The Washington Post, UNITED NATIONS — The United Nations' chief weapons inspector has concluded there is no evidence that Iraq ever developed unpiloted drones capable of discharging chemical and biological weapons agents on enemy targets.
The Bush administration cited the threat that Iraqi drones could be used in such attacks on U.S. cities in making its case for invading Iraq, but U.S. weapons inspectors in Iraq challenged those claims after the U.S.-led invasion. The CIA's top weapons expert in Iraq, Charles Duelfer, revived the debate, telling Congress last April that the group overseeing the U.S.-led hunt for Iraqi weapons had found evidence of advances in the development of Iraqi drones that were not reported to the United Nations.

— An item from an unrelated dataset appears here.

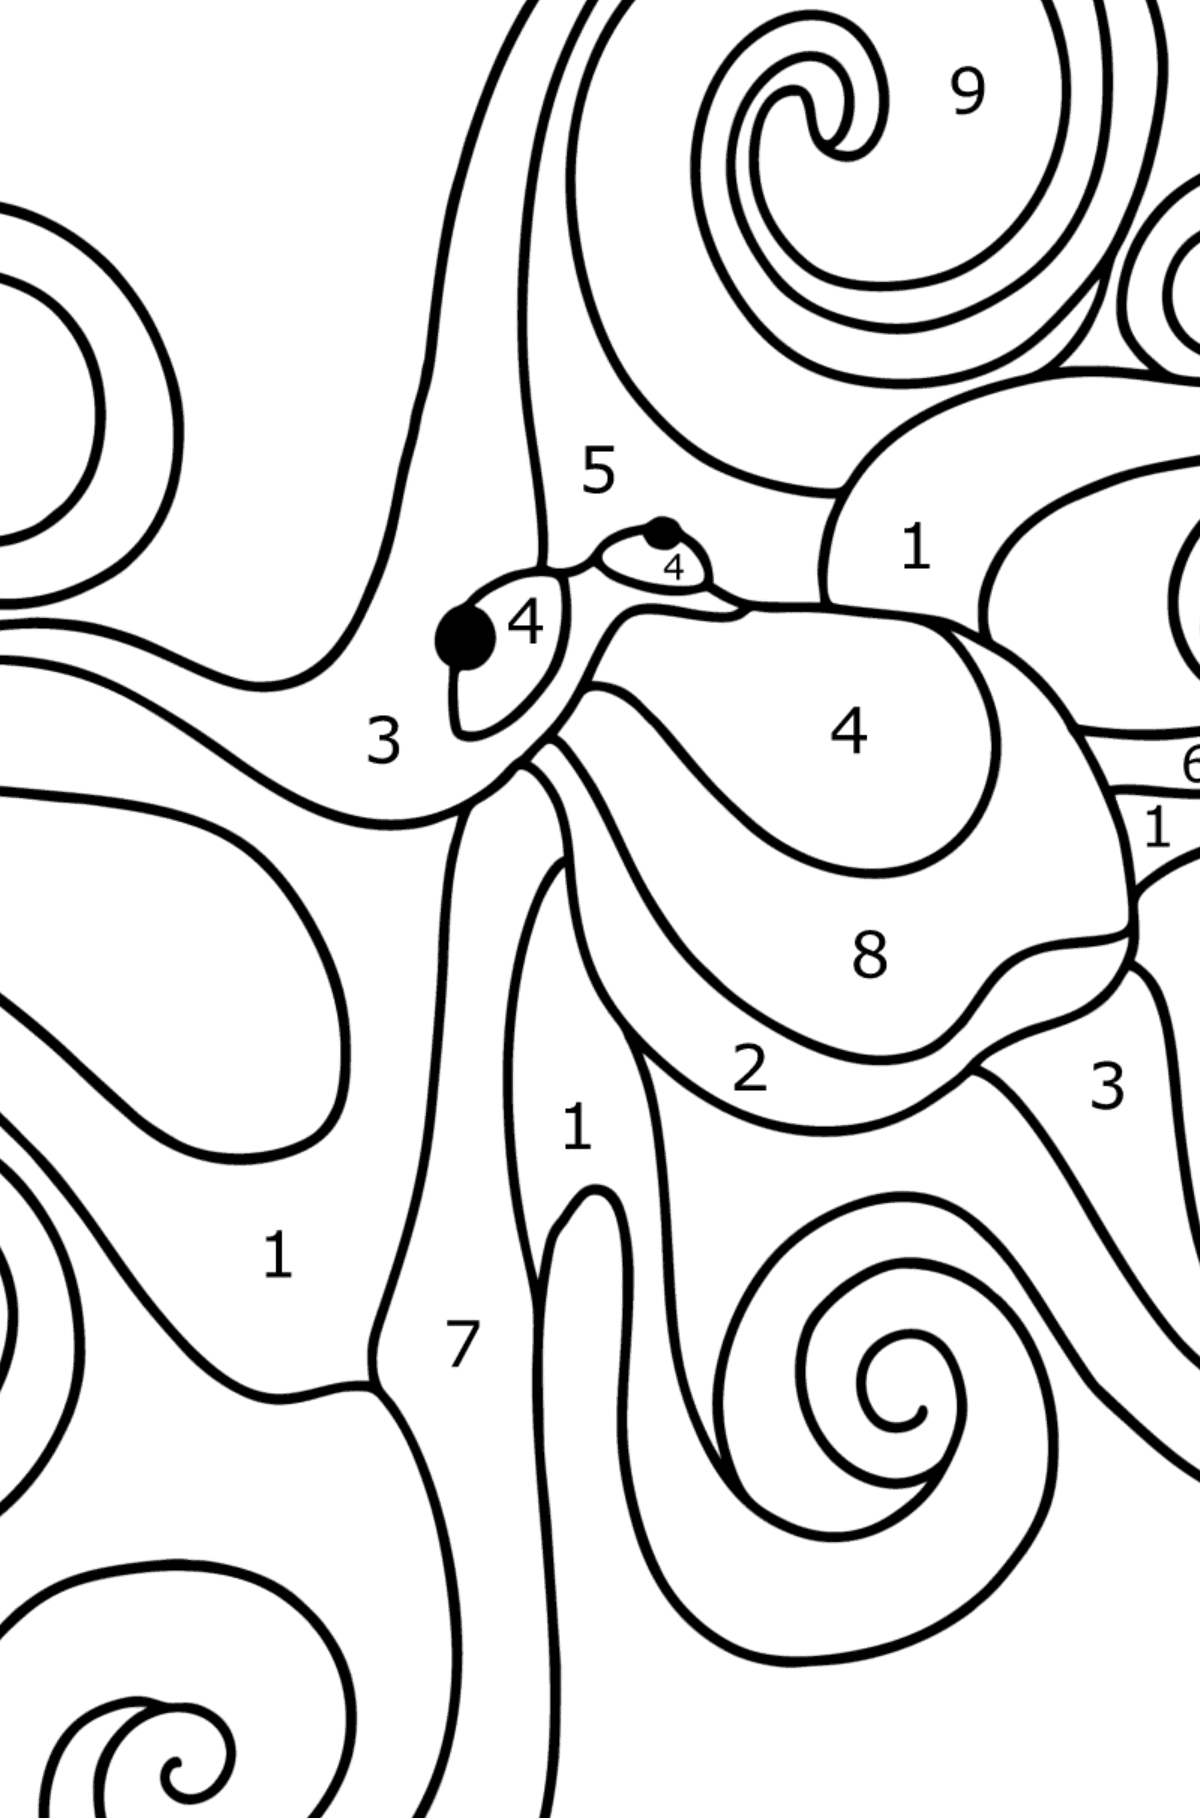 Ausmalbild Gewöhnlicher Oktopus - Malen nach Zahlen für Kinder
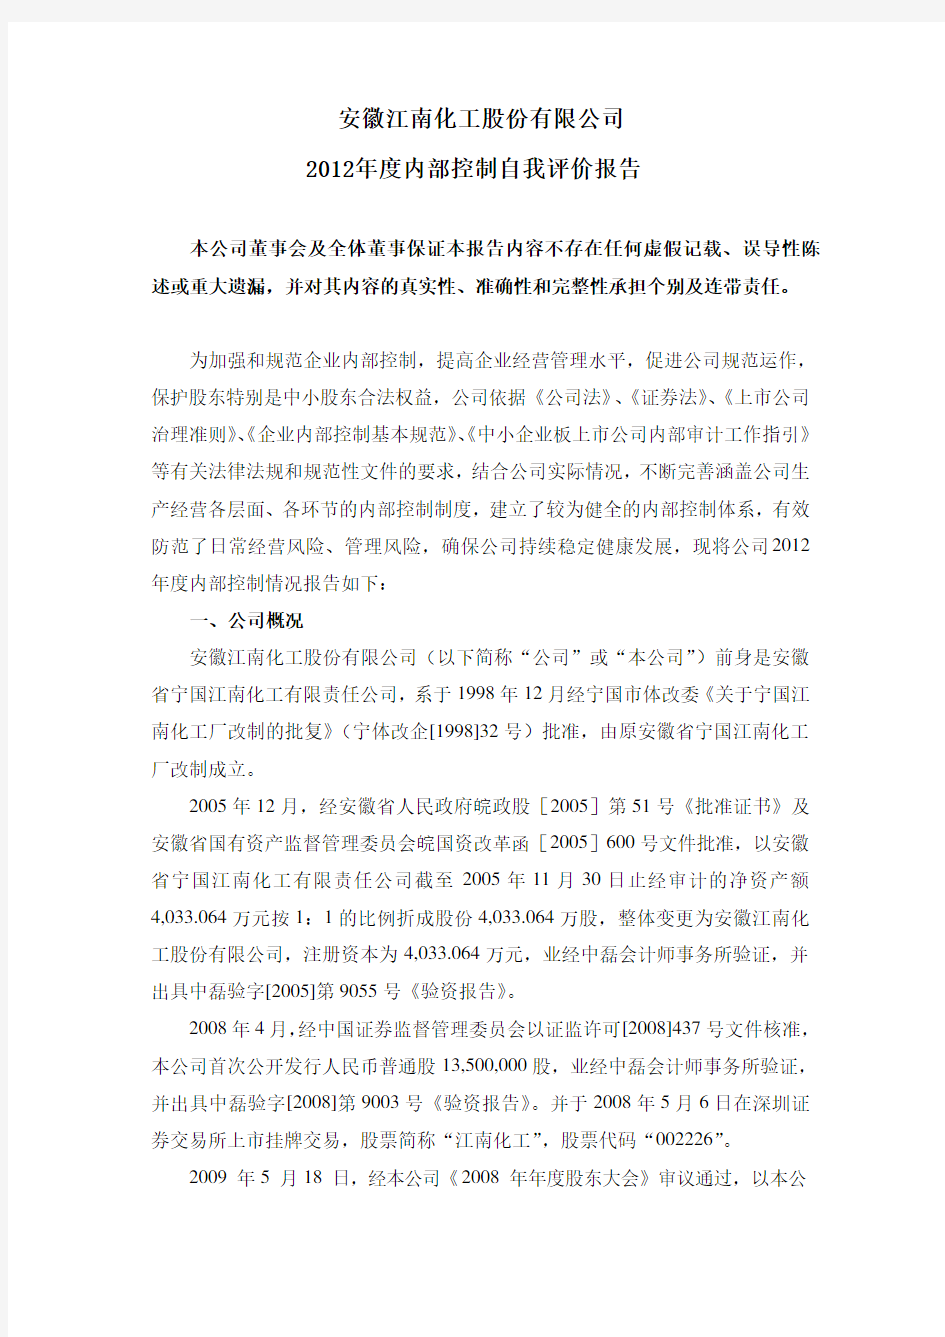 安徽江南化工股份有限公司 2012年度内部控制自我评价报告

Although the United Nations has suspected that Iraq had halted development of drones for chemical or biological attacks, the findings are the most definitive U.N. account of the program since the U.N. inspection agency was established in 1999. They are consistent with the views of U.S. Air Force intelligence analysts and the Pentagon's Missile Defense Agency, which said before the war that the drones were being developed for reconnaissance.
The Security Council is expected to debate the weapons inspector's conclusions Wednesday.
In the 15-page report, Dimitri Perricos, acting chief of the U.N. Monitoring, Verification and Inspection Commission, said Iraq admitted pursuing a 1990 effort to convert a Russian fighter jet into a remotely piloted vehicle capable of spraying biological warfare agents at a target. But the program was halted by the beginning of the 1991 Persian Gulf War, he said.